The Legislative Department of the district council is headed by the chairman, who summons the meeting of the council from time to time in connection with approval of budget, discussion on bills, rules and regulations submitted by the treasury bench and passing of the same thereof.

The council consists of 30 members, out of which 28 members are elected by adult franchise and 2 members are nominated by the governor of Tripura.

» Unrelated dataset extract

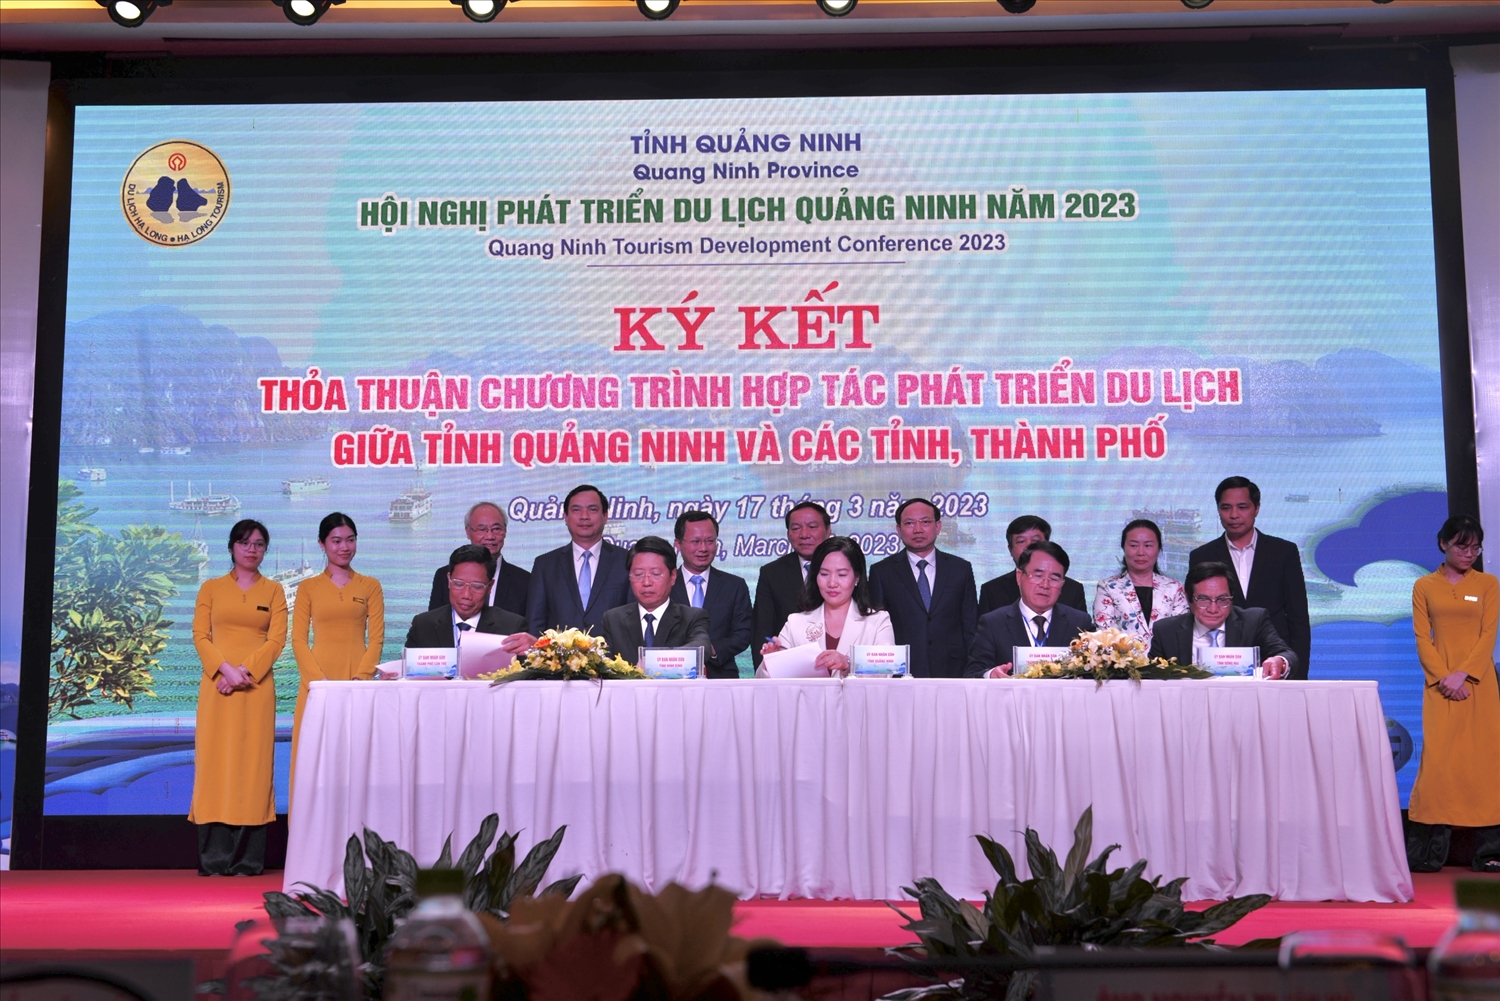 Ký kết thỏa thuận chương trình hợp tác phát triển du lịch giữa tỉnh Quảng Ninh và các tỉnh, thành phố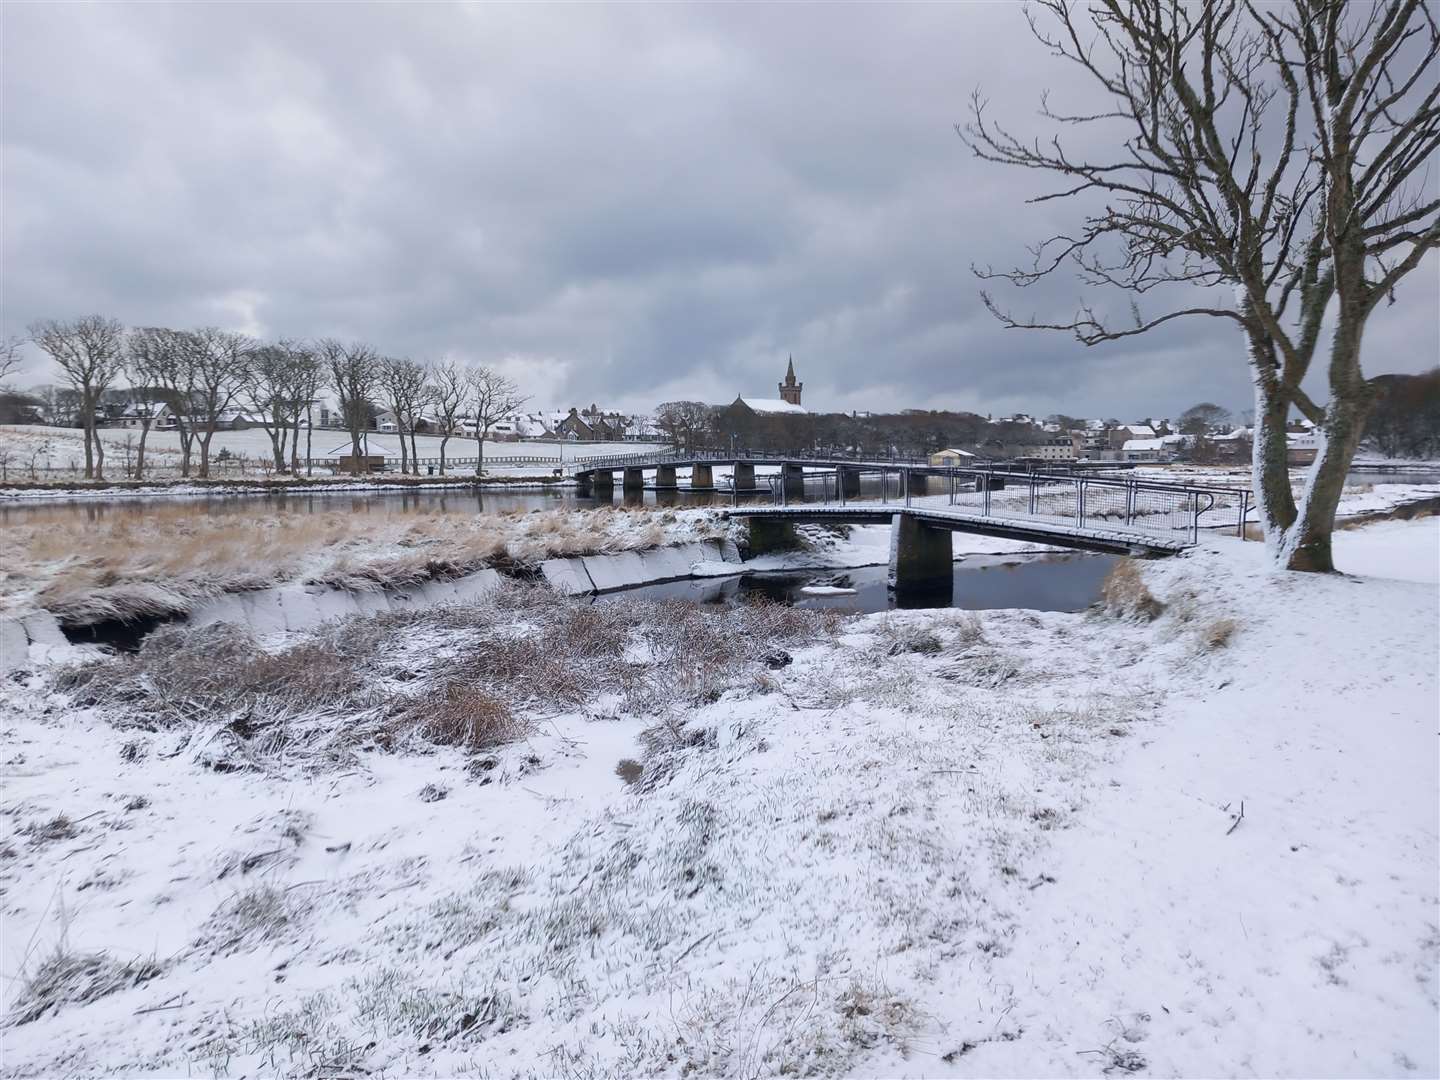 A snowy riverside in Wick on an early morning walk, sent in by Derek Bremner.

The chairman has his own secretariat headed by the secretary to the district council.

=== Elections ===

The details of various elections are as follows:
- 1985 TTAADC Election
- 1990 TTAADC Election
- 1995 TTAADC Election
- 2000 TTAADC Election
- 2005 TTAADC Election
- 2010 TTAADC Election
- 2015 TTAADC Election
- 2021 TTAADC Election
- 2026 TTAADC Election

===Constituencies===
The name of the constituencies i.e. total 30 members out of which are elected by adult franchise and 2 members are as follows.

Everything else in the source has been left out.